Caregiving may also impact on finances and lifestyle. This was particularly highlighted in studies conducted with people of working age, either spousal caregivers for people with young onset dementia (Flynn & Mulcahy, 2013), or adult children caring for a parent with dementia (Kjallman-Alm et al., 2013), who may have had to relinquish their paid occupation. Some struggle to meet financial obligations such as mortgages or childcare as a result of lost income or lack of statutory support.
Being: Nurturing personhood
In order to sustain their ability to fulfil this demanding role, caregivers need to address the loss of occupational balance that accompanies caregiving. Nurturing, sustaining and restorative occupations are essential in this regard. These elements represent Wilcock’s (1998) ‘being’ domain.

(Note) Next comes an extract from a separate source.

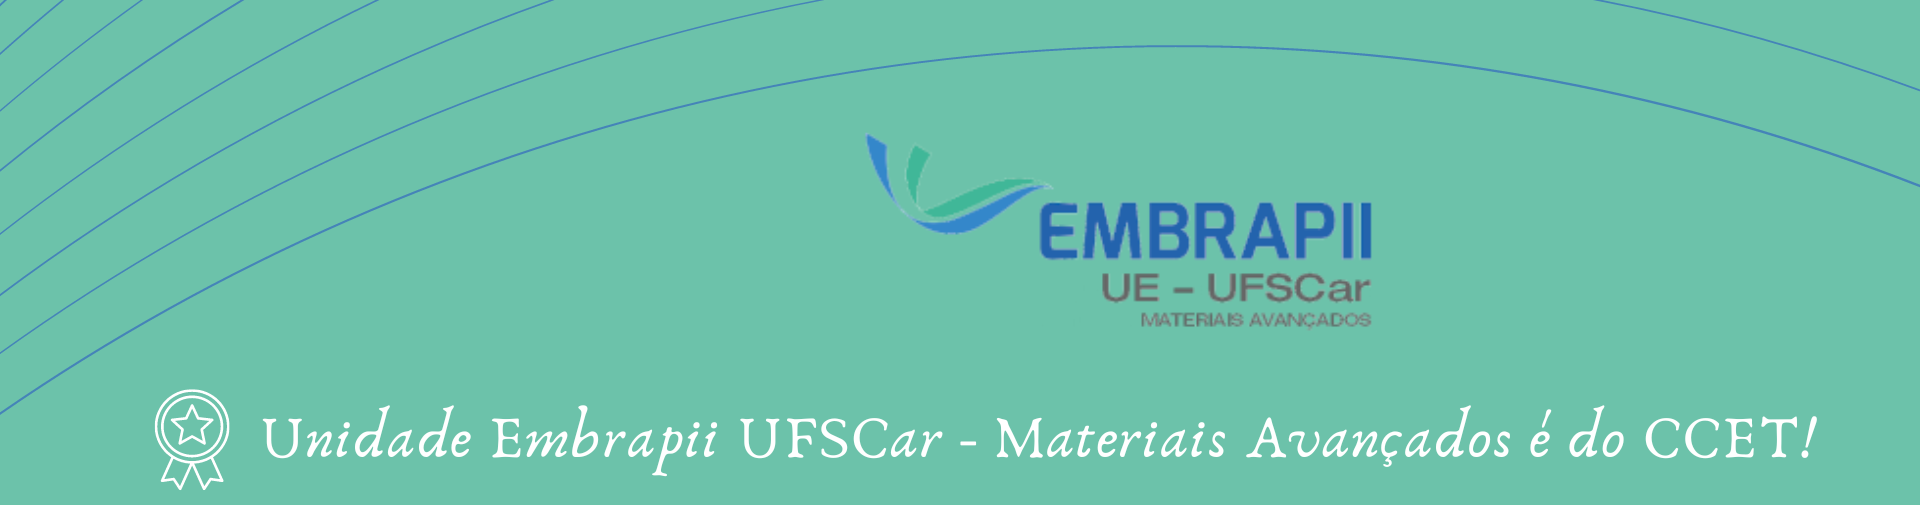 Embrapii UFSCar - Materiais Avançados

Occupational experiences relating to the concept of ‘being’ were present in the reviewed literature, but were minimally reported within the vast majority of the studies. Exceptions to this are the studies by Furlong and Wuest (2008), Persson and Zingmark (2006), and Watts and Teitelman (2005). Two themes emerged: the consequences of ‘doing’ upon ‘being’, and crafting opportunities for restoration.
The consequences of ‘doing’ upon ‘being’
Due to the impact of managing multiple demands on their time, caregivers find it difficult to carve out the space and energy to engage in self-nourishing activities (Hayes et al., 2009; Kjallman-Alm et al., 2013; O’Shaughnessy et al., 2010; Walters et al., 2010). They frequently relinquish interests that they previously valued, and which may have served as a source of pleasure (Quinn et al., 2008). In this sense, the demands of ‘doing’ subvert the opportunity to ‘be’. This loss of freedom is expressed through emotive language, including feeling ‘confined’ or ‘imprisoned’ (Valimaki et al., 2012; Walters et al., 2010), and being alone is viewed as a luxury (Ducharme et al., 2013; Quinn et al., 2008).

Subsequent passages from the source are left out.